Albert Cocksedge

Personal information
- Nationality: British
- Born: 30 January 1884 Leicester, England
- Died: 25 January 1928 (aged 43) Leicester, England
- Weight: Bantamweight/flyweight

Boxing career

= Albert Cocksedge =

Albert Cocksedge (30 January 1884 – 25 January 1928), known in the early years of his career as Young Cocksedge, was a British boxer of the early 20th century, who held English titles at various weights, and fought for a world title, in the era before weights were standardised, fighting at weights between 98 and 112lbs.

==Career==
Born in Leicester in 1884, Cocksedge won his first title in 1901, knocking out Young Tiddler in December that year to win the English 7-stone title. In October 1904 he fought a draw against Frank Morcombe for the latter's English 106lbs title, winning a rematch the following month to take the title. In December he was beaten by the Australian Tibby Watson, who would win the 108lbs world title the following month. In January 1905 he lost in a fight for the 7st 8lbs championship belt of the world to Johnny Hughes, a man who had also beaten him eight months earlier. In October 1906 he beat Charlie Dew on points to take the English 104lbs title, successfully defending against Dew two months later but losing it to Bert Chatterton in February 1907. He regained it in June that year, stopping Chatterton in the fourth round. In October 1907 he beat Charlie Exall for the 106lbs title, and in February 1908 beat Harry McDermott on points for the 108lbs title. In April 1908 he fought a draw with Sid Smith before successfully defending his 106lbs title two months later against Harry Badger. On 7 December 1908 he beat Jack Guyon on points at the National Sporting Club. In January 1909 he beat Smith and Watson, before losing his 108lbs title to Smith in February. He fought Smith again in March, also ending as loser. In September 1909 he fought a draw against Sam Kellar for the English 112lbs title. The two met again in October, with referee Tom Gamble stopping the fight in the fourth round, deciding neither man was trying. In April 1910 he beat McDermott on points over 20 rounds to take the English 110lbs title, losing it two months later to Bill Kyne. In October 1911 he challenged Bill Ladbury for the 112lbs title, Ladbury stopping him in the seventh round.

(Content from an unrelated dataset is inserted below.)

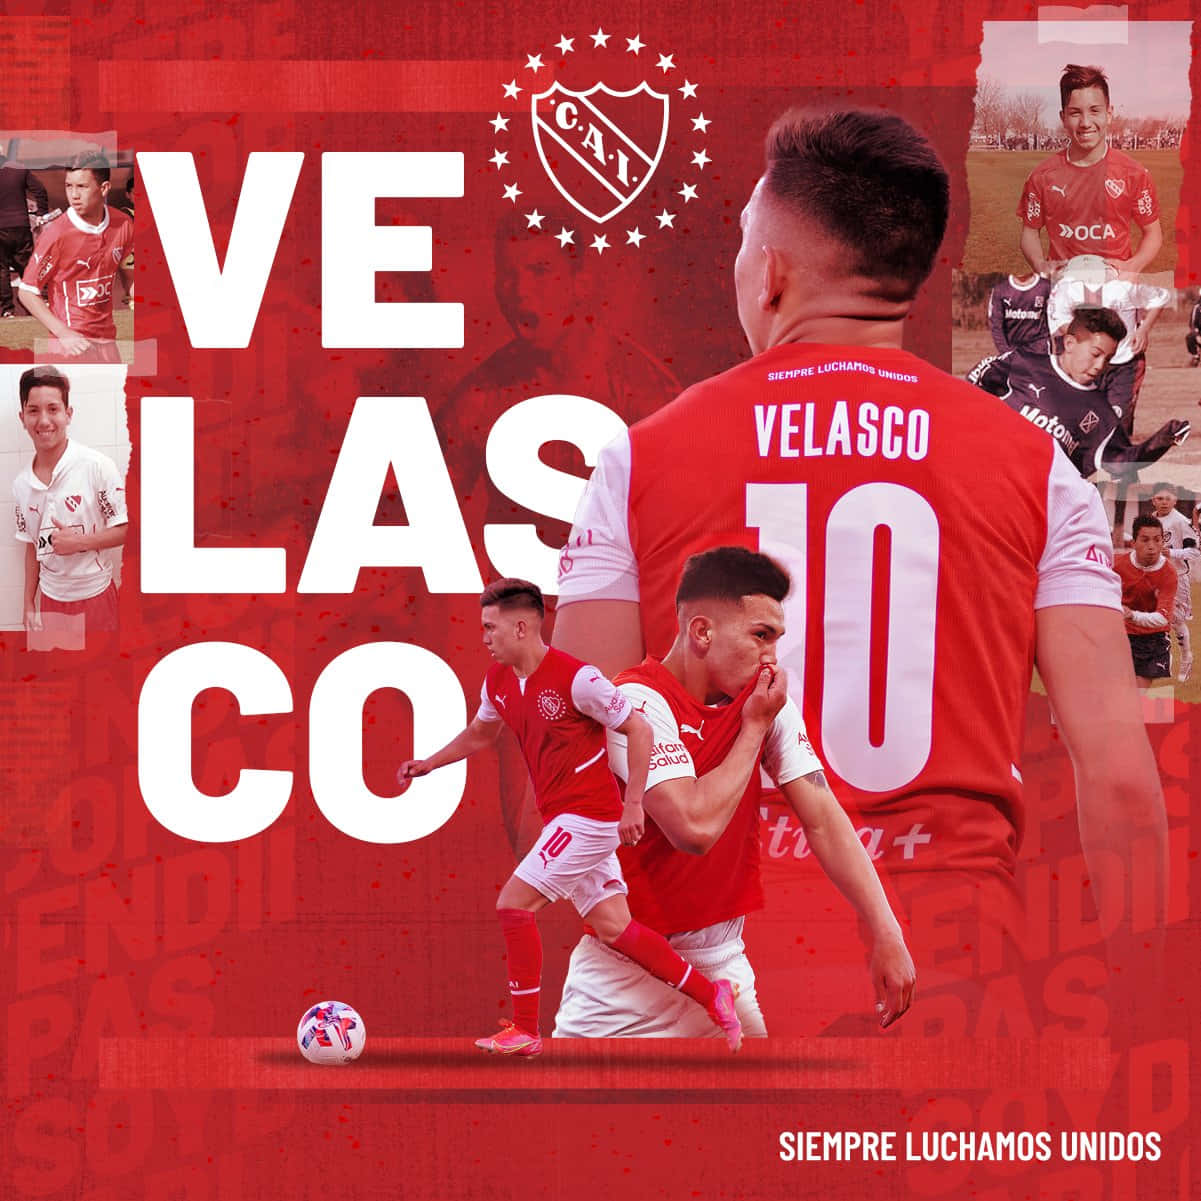 Alanvelasco Von Independiente Collage Wallpaper
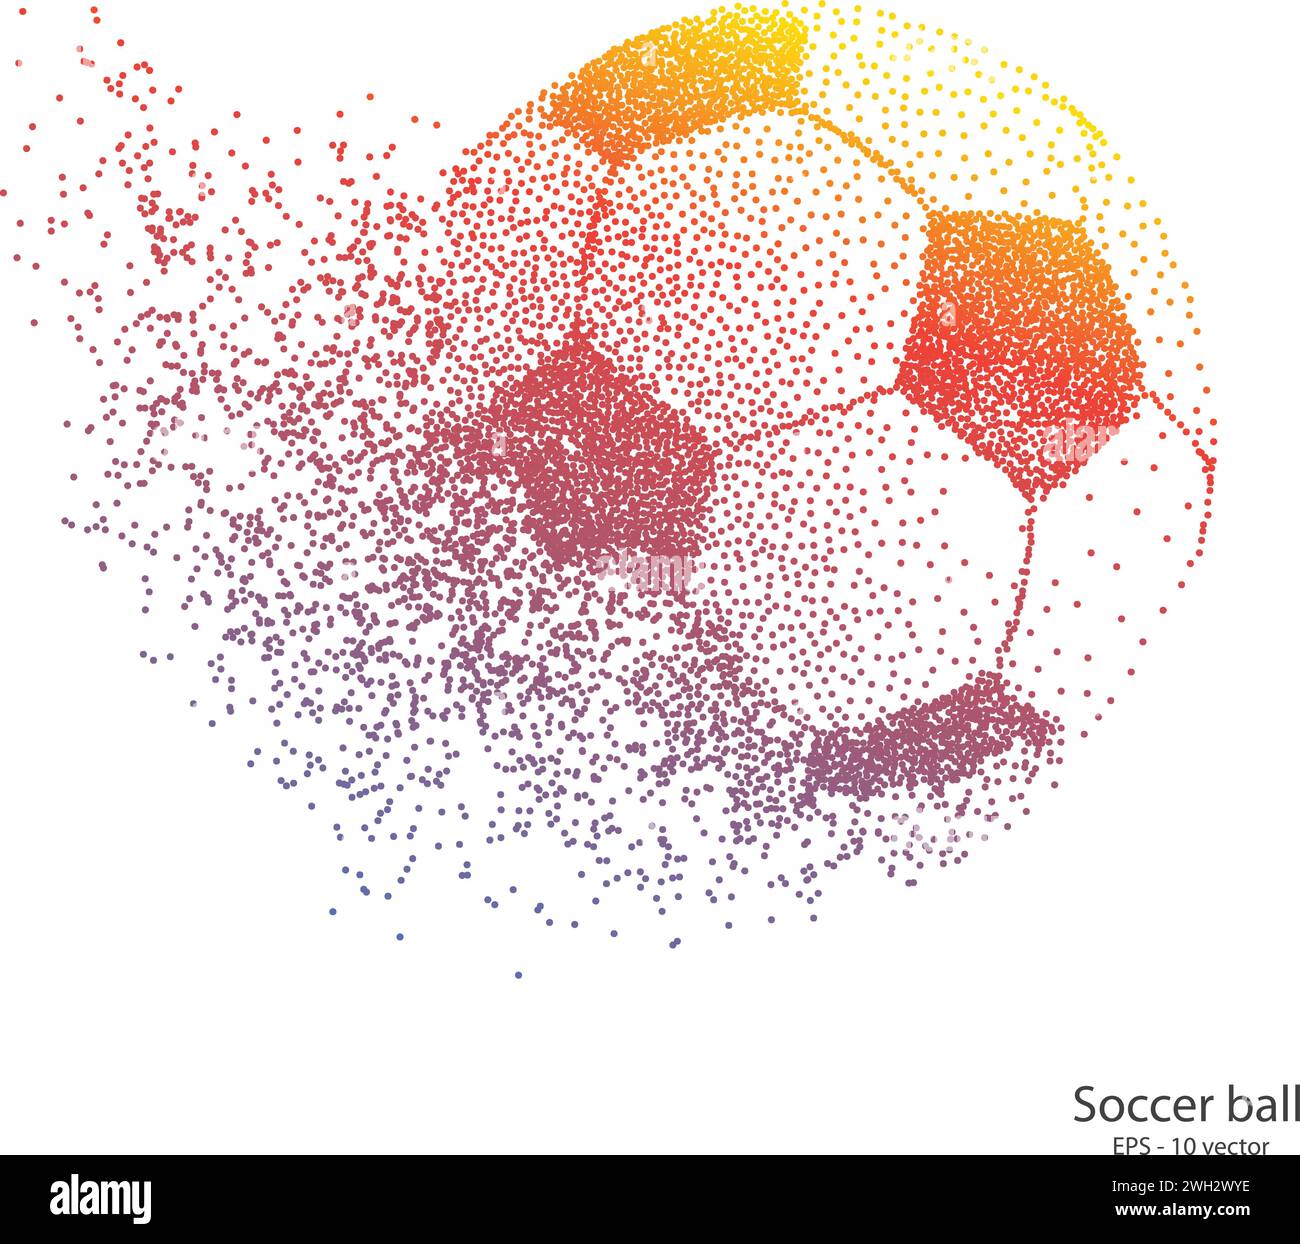 Dots Fußball .Explosive Fußball. Vektorsport-Illustration des fliegenden Fussballs. Stock Vektor

Cocksedge continued to fight regularly until around 1914, and continued in both competitive and exhibition bouts, having possibly his final competitive fight in 1922 (beating Billy Shephard), and an exhibition against Jimmy Wilde a few years later.

In his later years he was resident at 1, Paradise Lane in Leicester, and worked as a shoe scourer.

Cocksedge was walking to a whist drive in Leicester on 25 January 1928, when he was knocked down and killed by an RAF car. He was 43.